EXERCISE INSTRUCTIONS —
Write out exactly, and only, the lines below from the line with "landschaft mit bunten" through the line with "Bloqueur ULTIMA - Arosol"; pictures do not belong in the copy.

AVAILABLE DATA section start

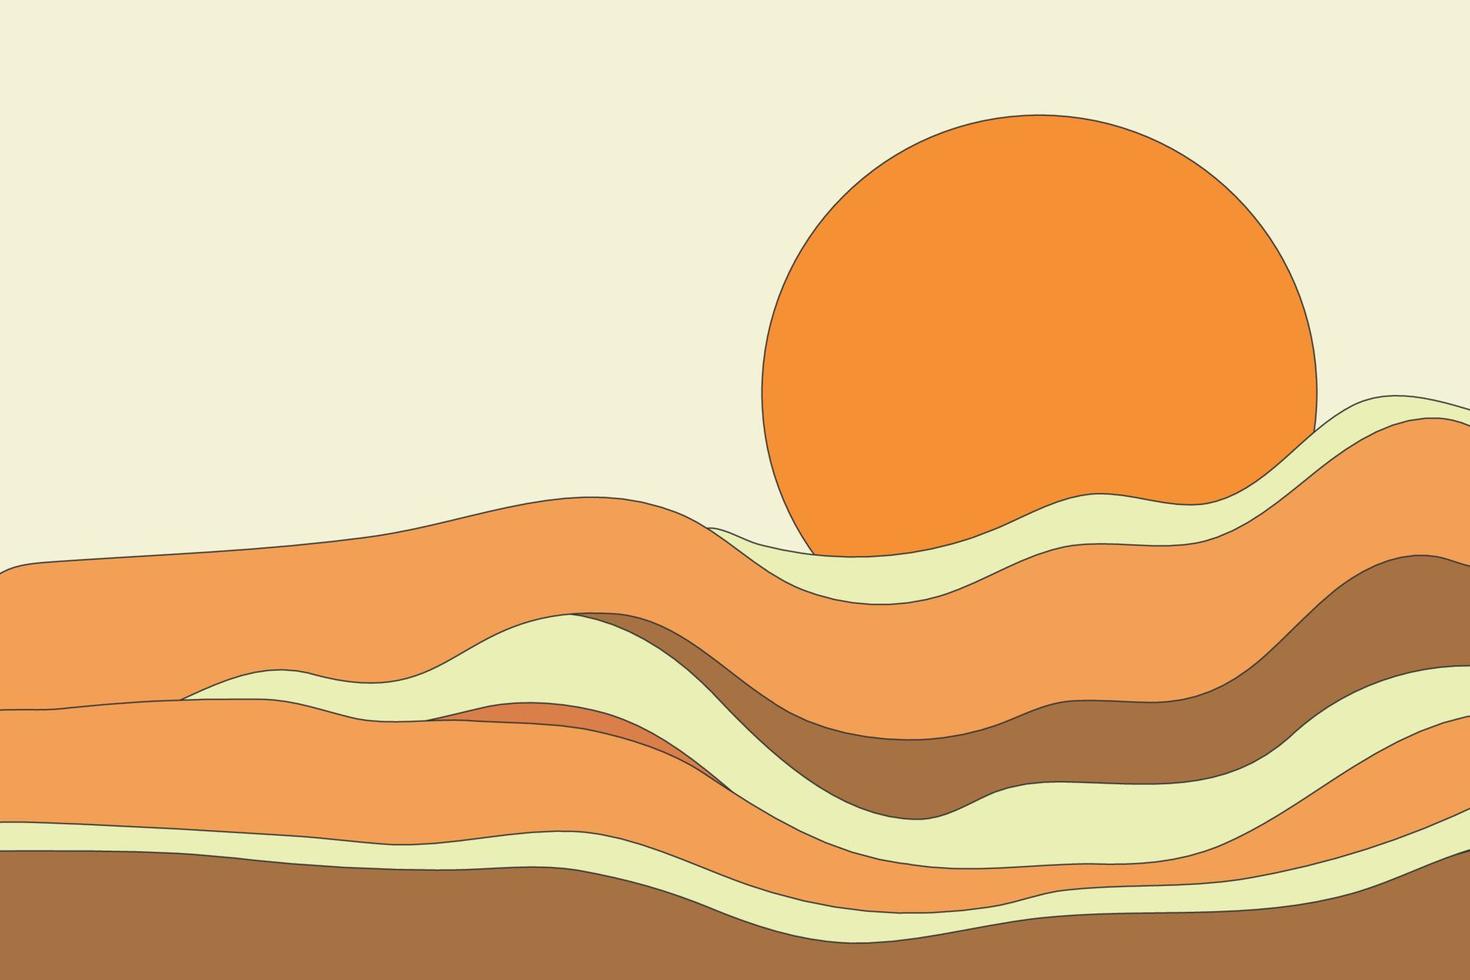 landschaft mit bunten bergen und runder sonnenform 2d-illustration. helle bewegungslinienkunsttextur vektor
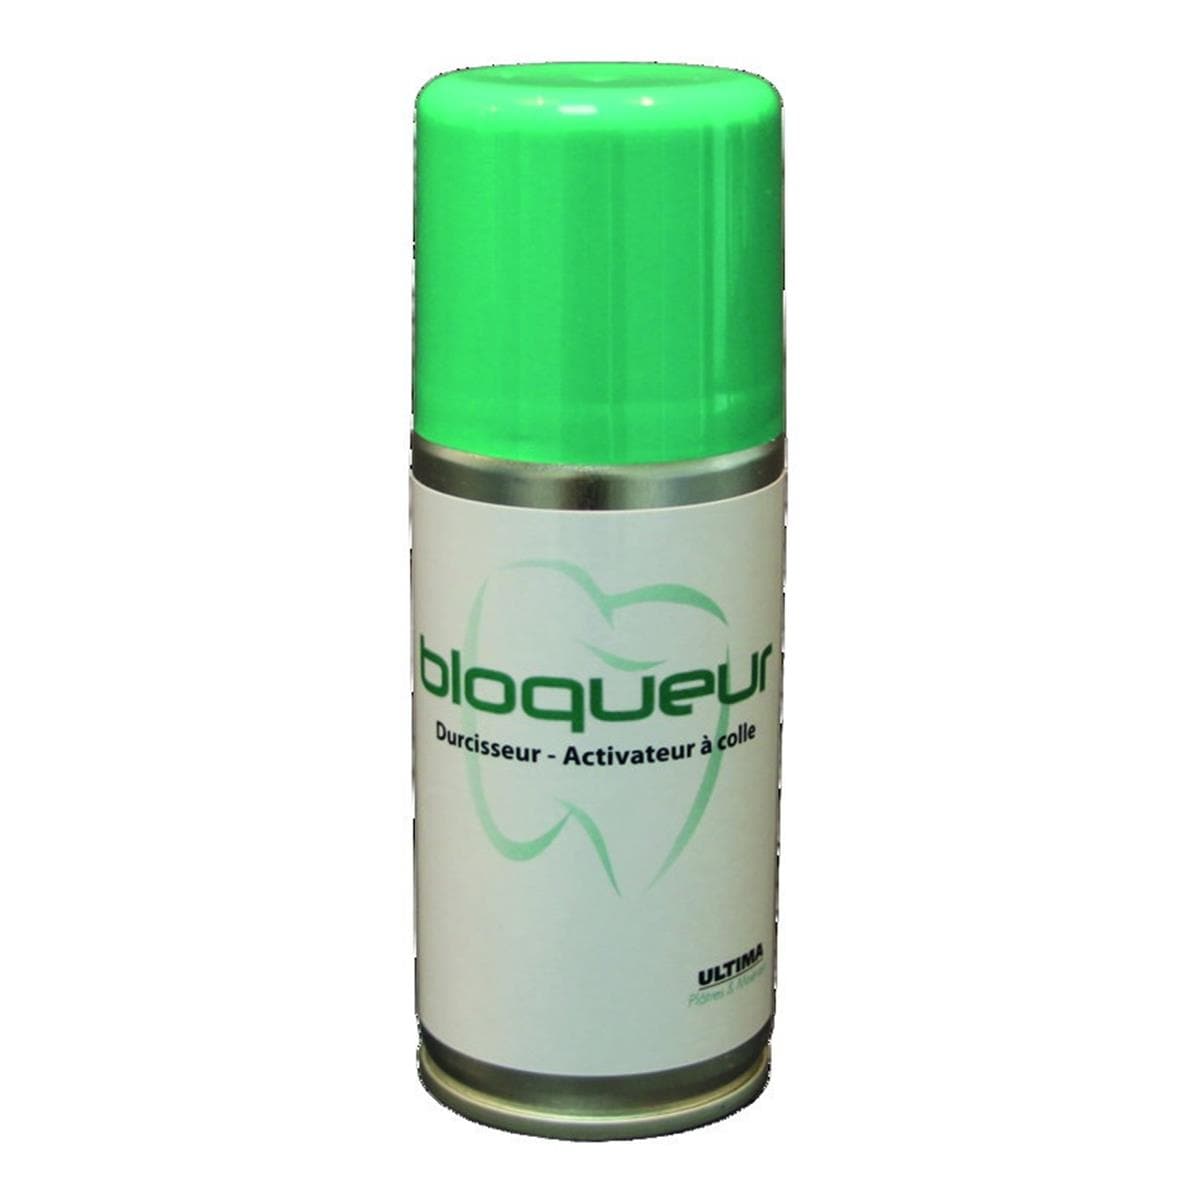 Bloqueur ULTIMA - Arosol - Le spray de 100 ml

AVAILABLE DATA section end
AVAILABLE DATA section start

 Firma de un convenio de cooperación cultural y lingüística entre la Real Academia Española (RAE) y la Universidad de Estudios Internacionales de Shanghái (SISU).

AVAILABLE DATA section end

RESPONSE —
 landschaft mit bunten bergen und runder sonnenform 2d-illustration. helle bewegungslinienkunsttextur vektor
 Bloqueur ULTIMA - Arosol - Le spray de 100 ml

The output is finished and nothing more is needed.